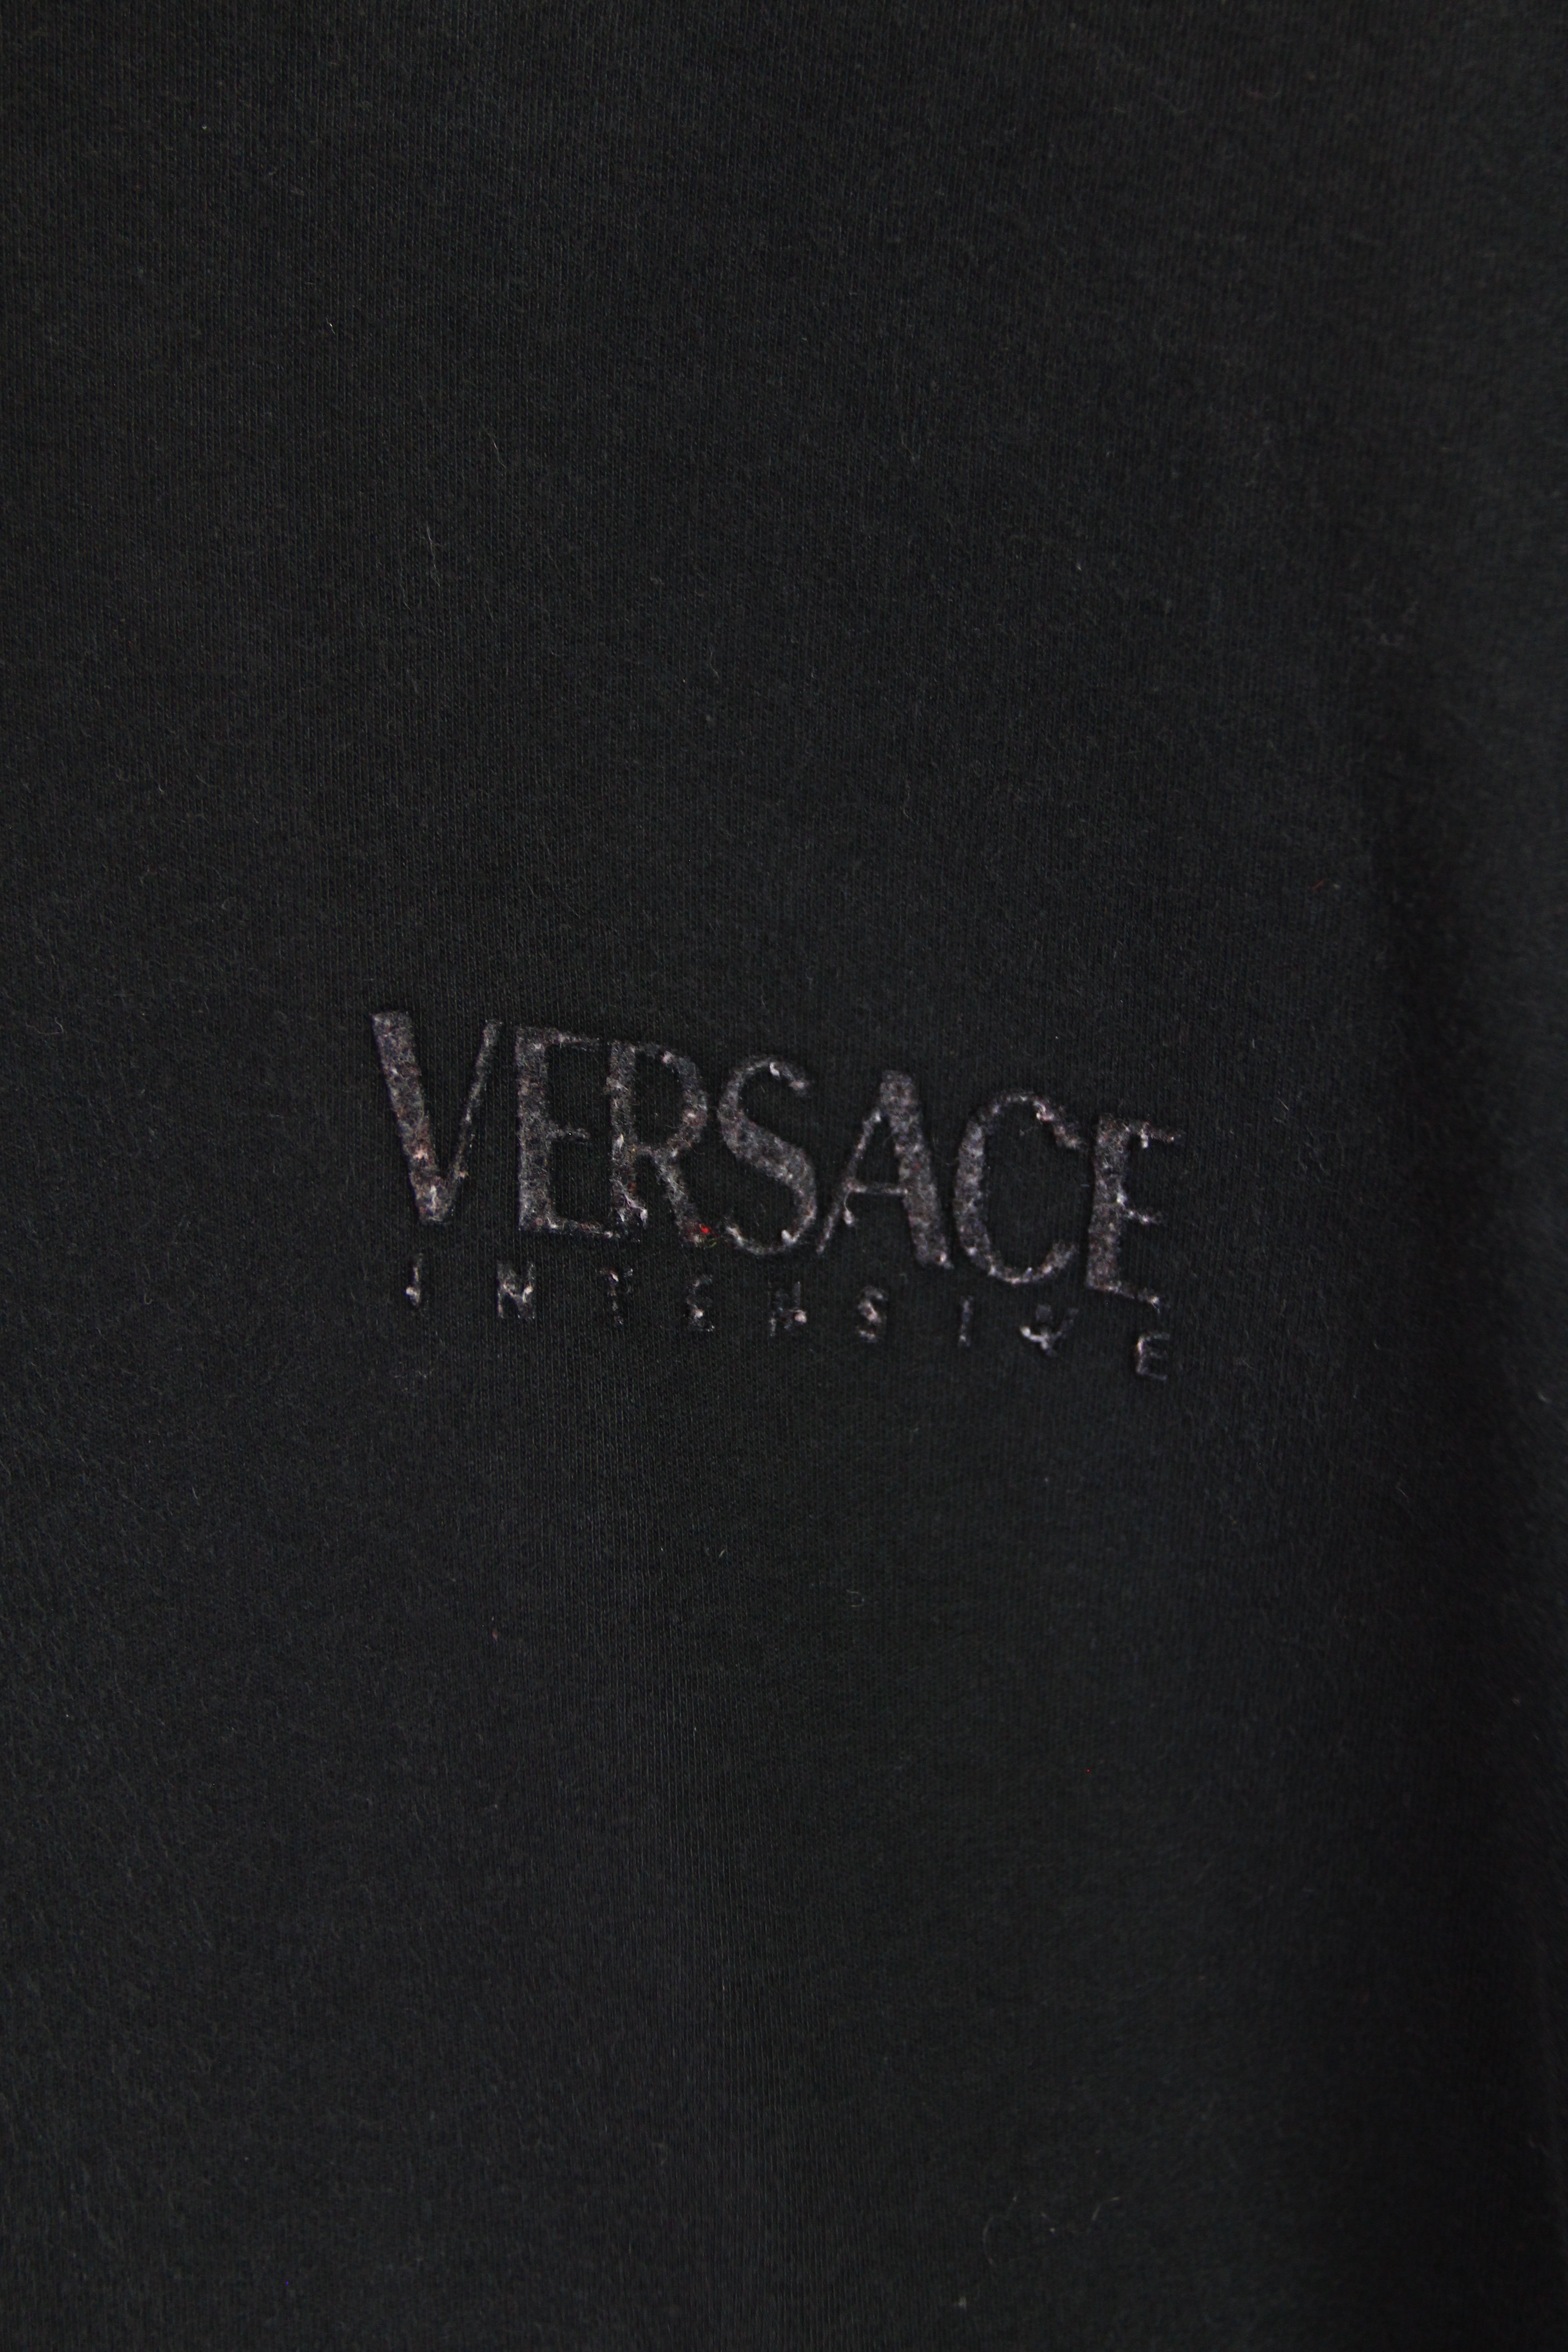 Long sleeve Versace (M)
--------------------------------
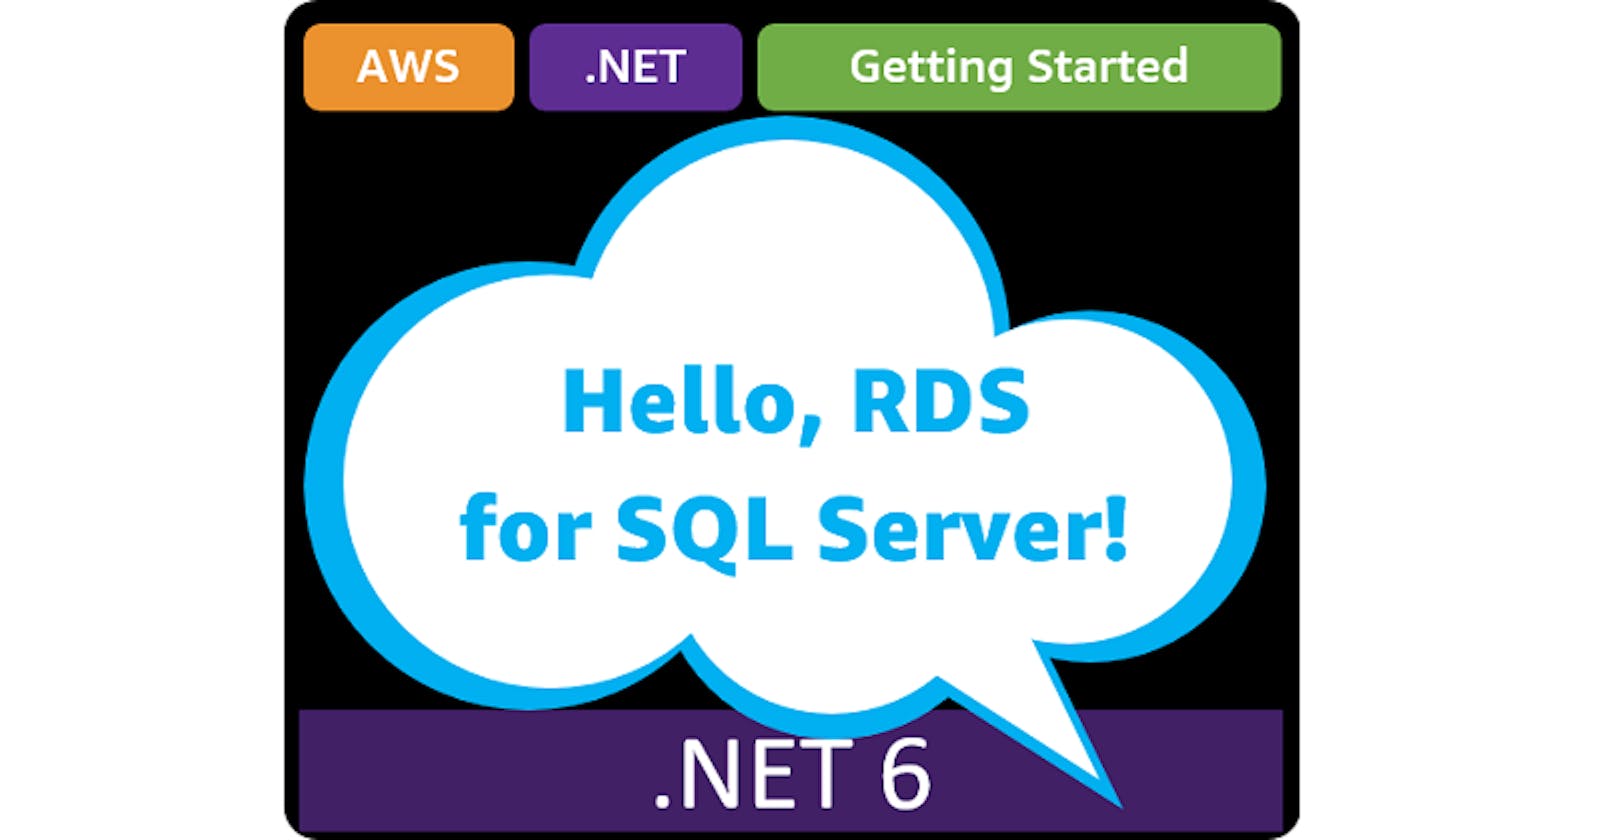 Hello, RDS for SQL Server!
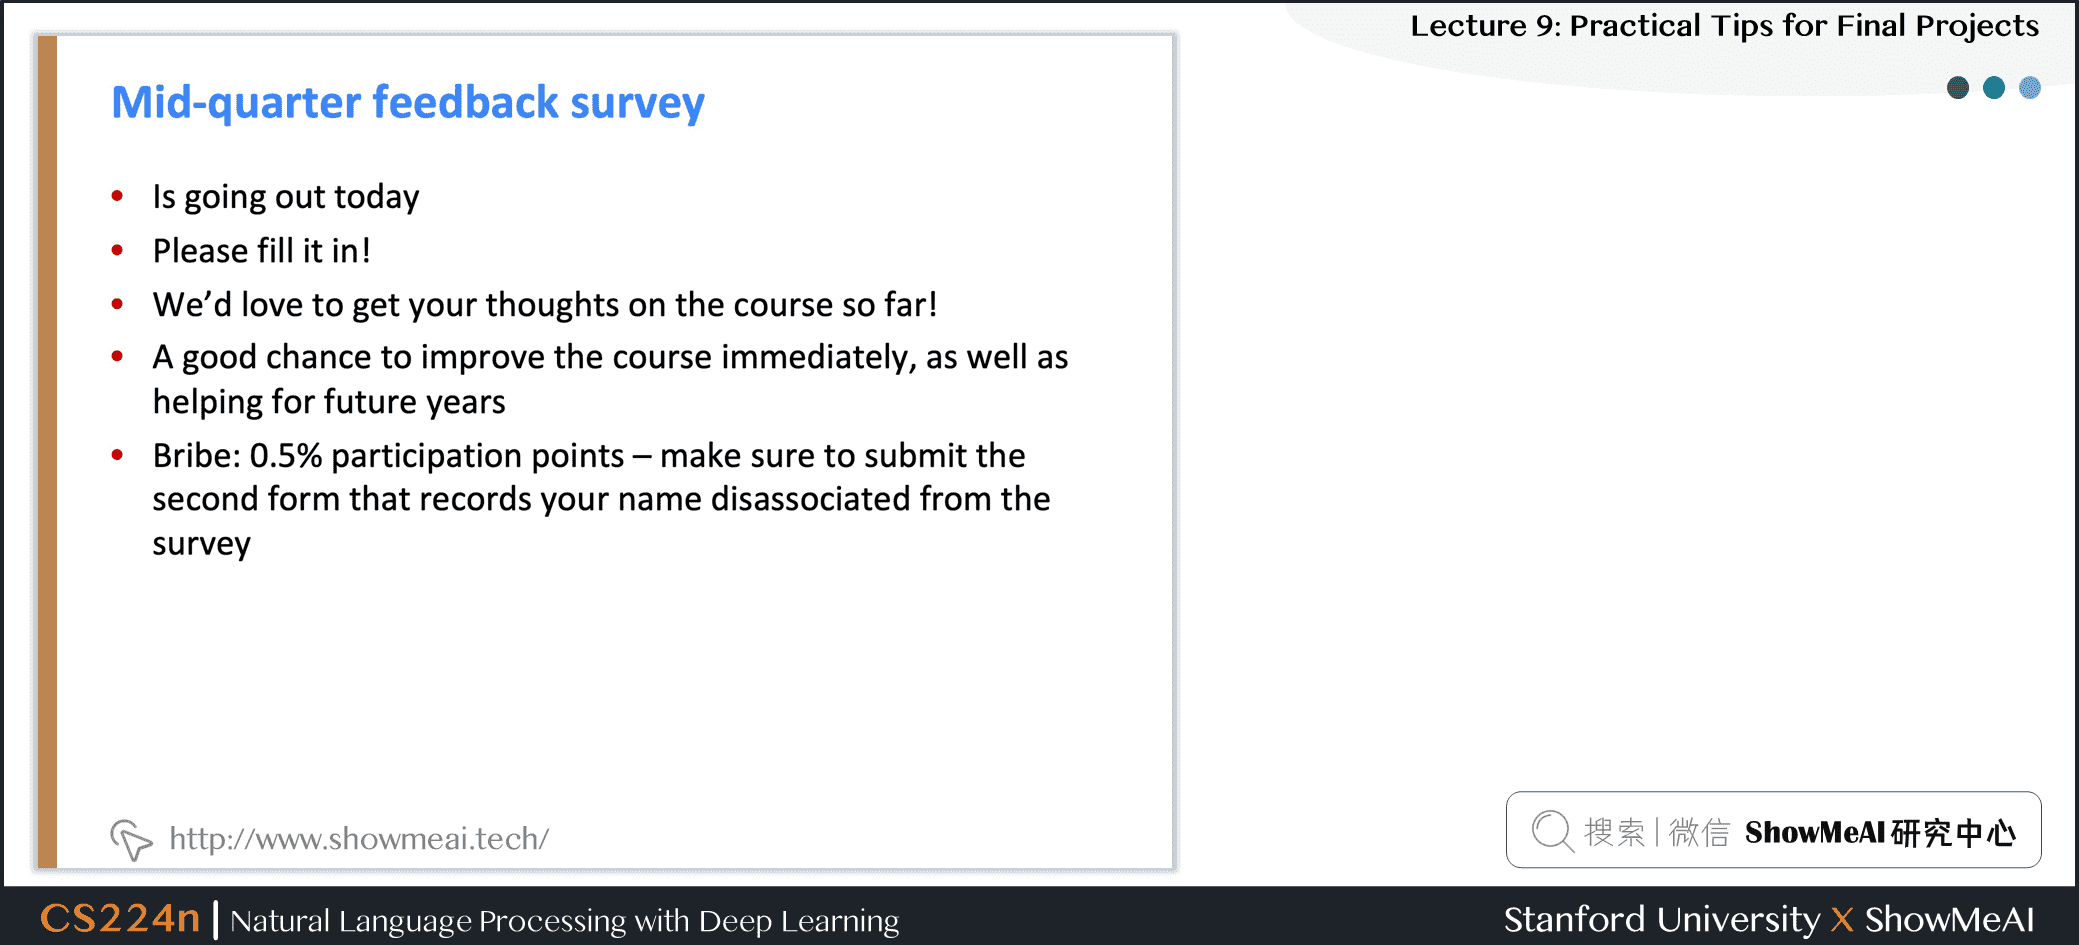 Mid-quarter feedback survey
--------------------------------
WORK TASK: Each line above starting at the one holding "Hello, RDS for SQL Server!" and ending at the one holding "Mid-quarter feedback survey" should be set down exactly as it stands, both ends included, with no pictures.

ANSWER BELOW:
 Hello, RDS for SQL Server!
 Mid-quarter feedback survey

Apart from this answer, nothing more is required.